Pourquoi d’anciens membres de la CIA acceptent-ils de vous parler aussi longuement ?
Parce que personne ne les interroge, ne va les voir. Ceux qui sont très critiques ne s’expriment nulle part. Ils sont ravis de pouvoir parler !

Pourquoi un homme aussi influent que Frank Carlucci vous a-t-il reçu ?
C’est un des hommes les plus puissants de Washington –à la CIA, on l’appelle Don Corleone ! C’est la troisième fois que je le vois. Mystère ! Je l’ai pourtant toujours prévenu des sujets qu’on allait aborder. Par exemple, sur le fait que Bush père siège au conseil d’administration du groupe Carlyle, dont une filiale vend des chars et des missiles au Pentagone avec l’aval de son fils. Cette fois, c’était pour lui demander si, lorsqu’il était secrétaire à la Défense sous Reagan, il avait livré de l’anthrax à Saddam Hussein et si, à la réunion annuelle du groupe, qui avait eu lieu le 11 septembre 2001, à 9 heures du matin, il y avait bien un frère de Ben Laden, Shafiq Ben Laden, parlant affaires au côté de George Bush Sr. Je lui ai écrit. Une semaine après, il m’a dit : « Vous pouvez venir ».

Le deuxième ouvrage d’Eric Laurent est davantage centré sur les relations avec Israël. Comment avez-vous travaillé avec lui ?
Les livres d’Eric Laurent ont nourri mon film, mais on n’a pas travaillé ensemble. Toutefois, Eric Laurent connaissant Ariel Sharon, on a essayé pendant six mois d’obtenir un entretien avec lui et avec un de ses ministres pour parler des relations avec le gouvernement Bush. Ils ont répondu qu’ils n’avaient pas le temps. Du coup, on a réduit cette partie.

Comment définissez-vous votre démarche : documentaire politique ? Pamphlet ?
Ni film à charge, ni pamphlet. Michael Moore a le culot phénoménal de prendre position. Il est américain, engagé dans la campagne électorale avec les démocrates. Pour moi – c’est ma conception du documentaire -, le commentaire ne prend pas parti : il apporte des faits, des chiffres. J’aurais adoré pouvoir dire que Rumsfeld et Bush sont des fous dangereux, que leur soutien inconditionnel à Sharon est le pire service qu’on puisse rendre à Israël, mais je ne l’ai jamais fait, dans aucun film.

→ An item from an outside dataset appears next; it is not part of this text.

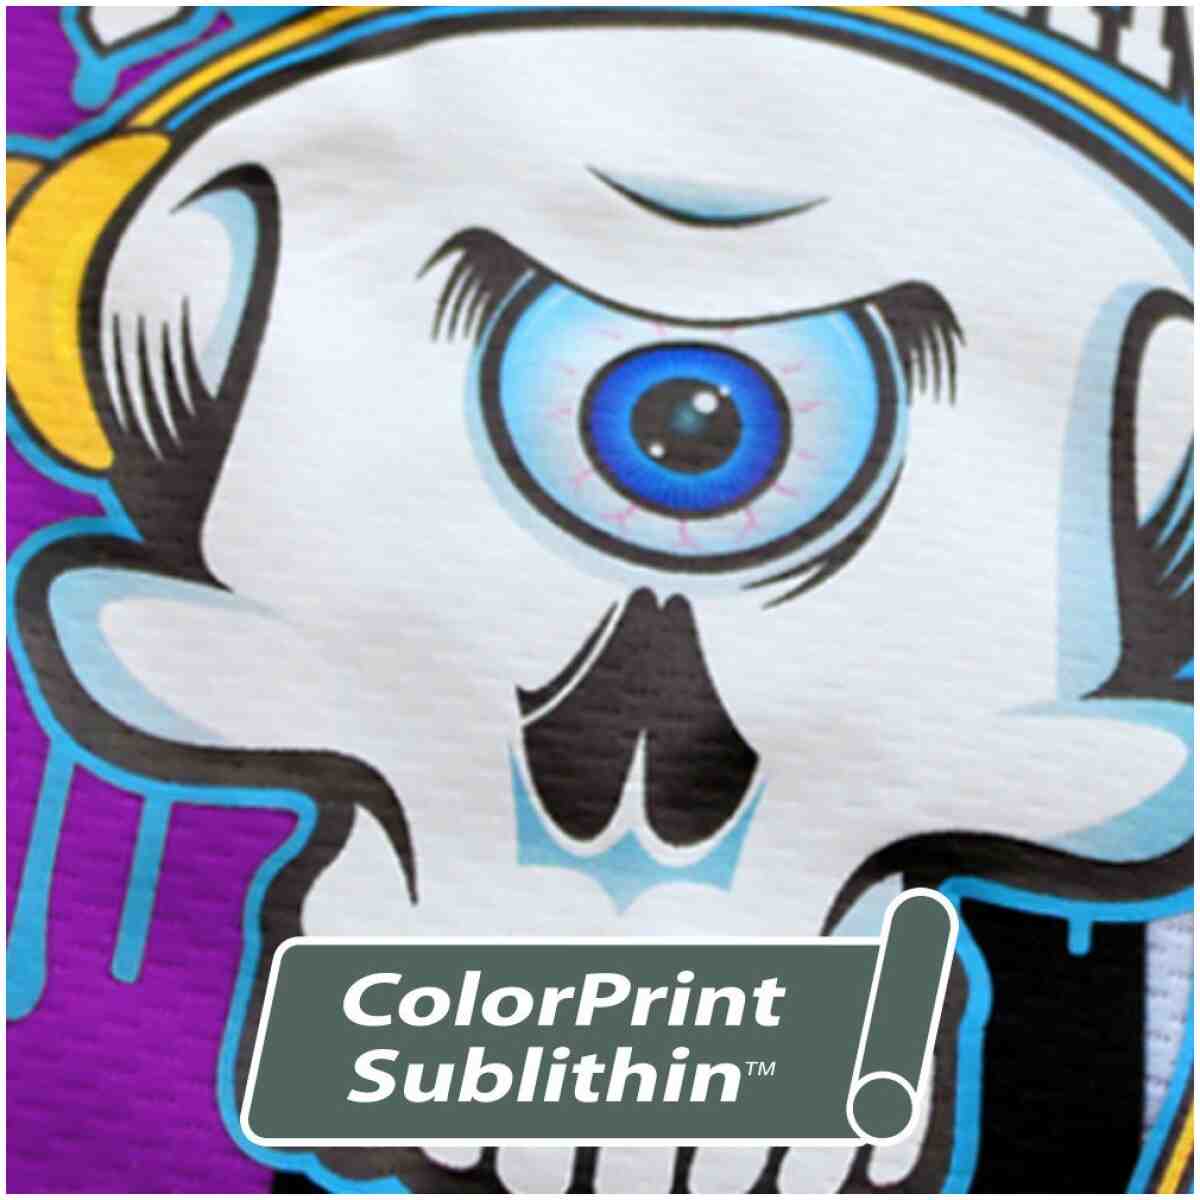 Colorprint™ Sublithin 20" Wide SISER®

Certes je m’abrite derrière des témoins qui vont dans le sens de ce que j’aurais envie de dire… J’essaye de faire le bilan des 1 000 jours de Bush, de juxtaposer les erreurs ou horreurs commises. Il n’y a pas de révélations fracassantes mais disons que, mises bout à bout, toutes ces choses prennent une petite force.

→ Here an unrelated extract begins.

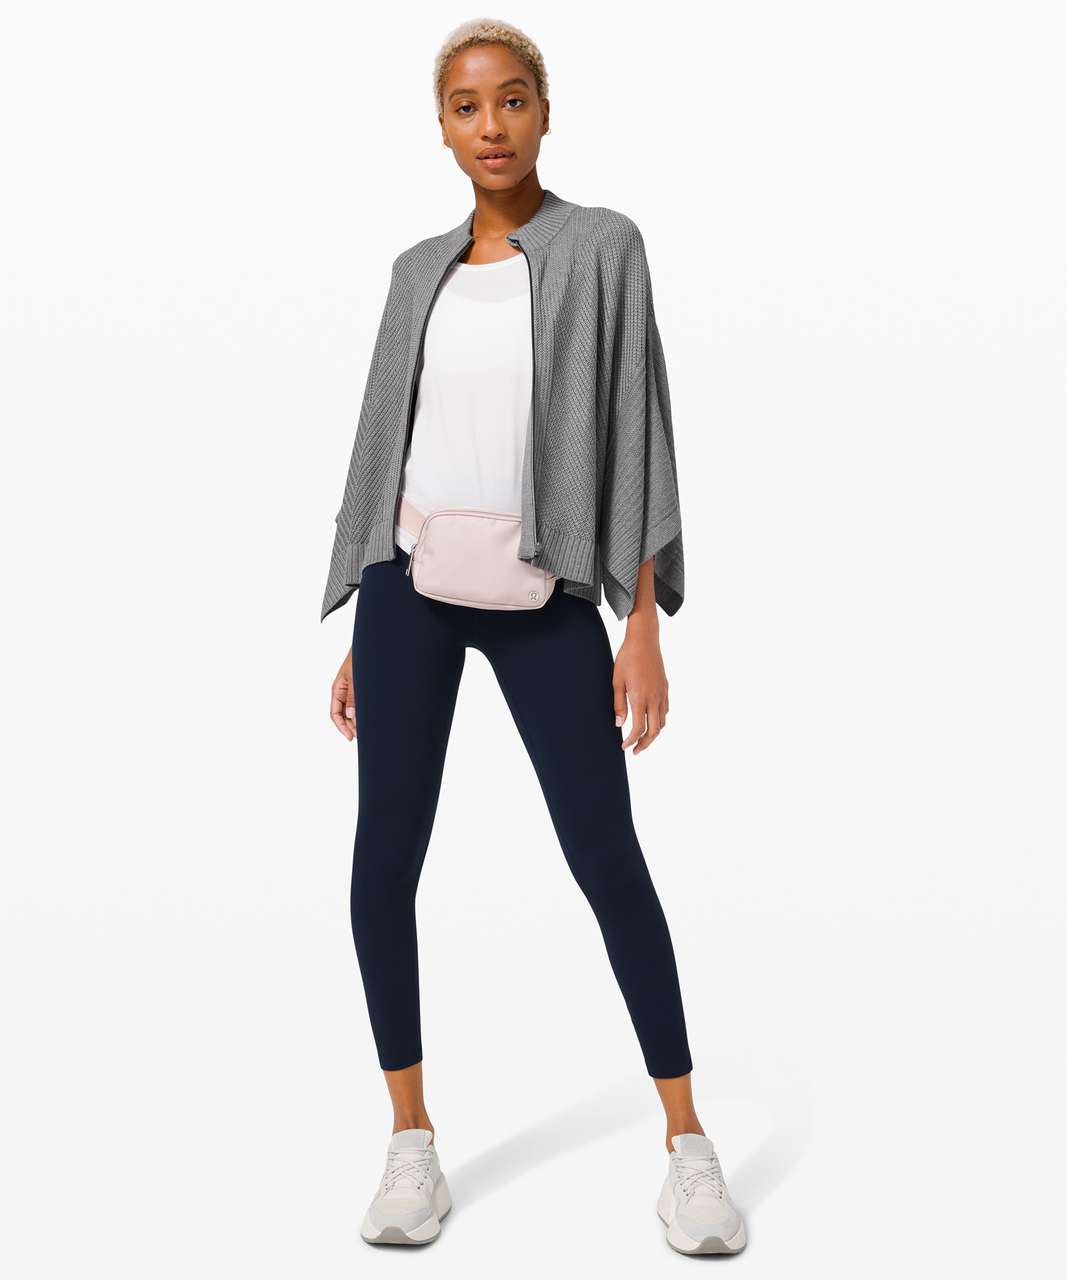 LOFT - Introducing Lou & Grey for LOFT's Signature Softblend—a crazy soft  fabric developed just for you. Once you feel it, you'll find a way to wear  it head-to-toe.

Croyez-vous au pouvoir d’un film ?
Absolument pas. Le Monde a publié récemment l’information selon laquelle un rapport du 6 août 2001 s’était trouvé sur le bureau de la Maison Blanche, disant, avant les attentats du 11 Septembre, que des terroristes allaient détourner des avions de ligne pour s’en servir comme armes aux États-Unis. Quand j’ai révélé ces faits, confirmés par deux anciens directeurs de la CIA, dans CIA, guerres secrètes, diffusé il y a un an sur Arte, il n’y a pas eu une seule ligne dans les journaux. Un an après, c’est devenu un évènement.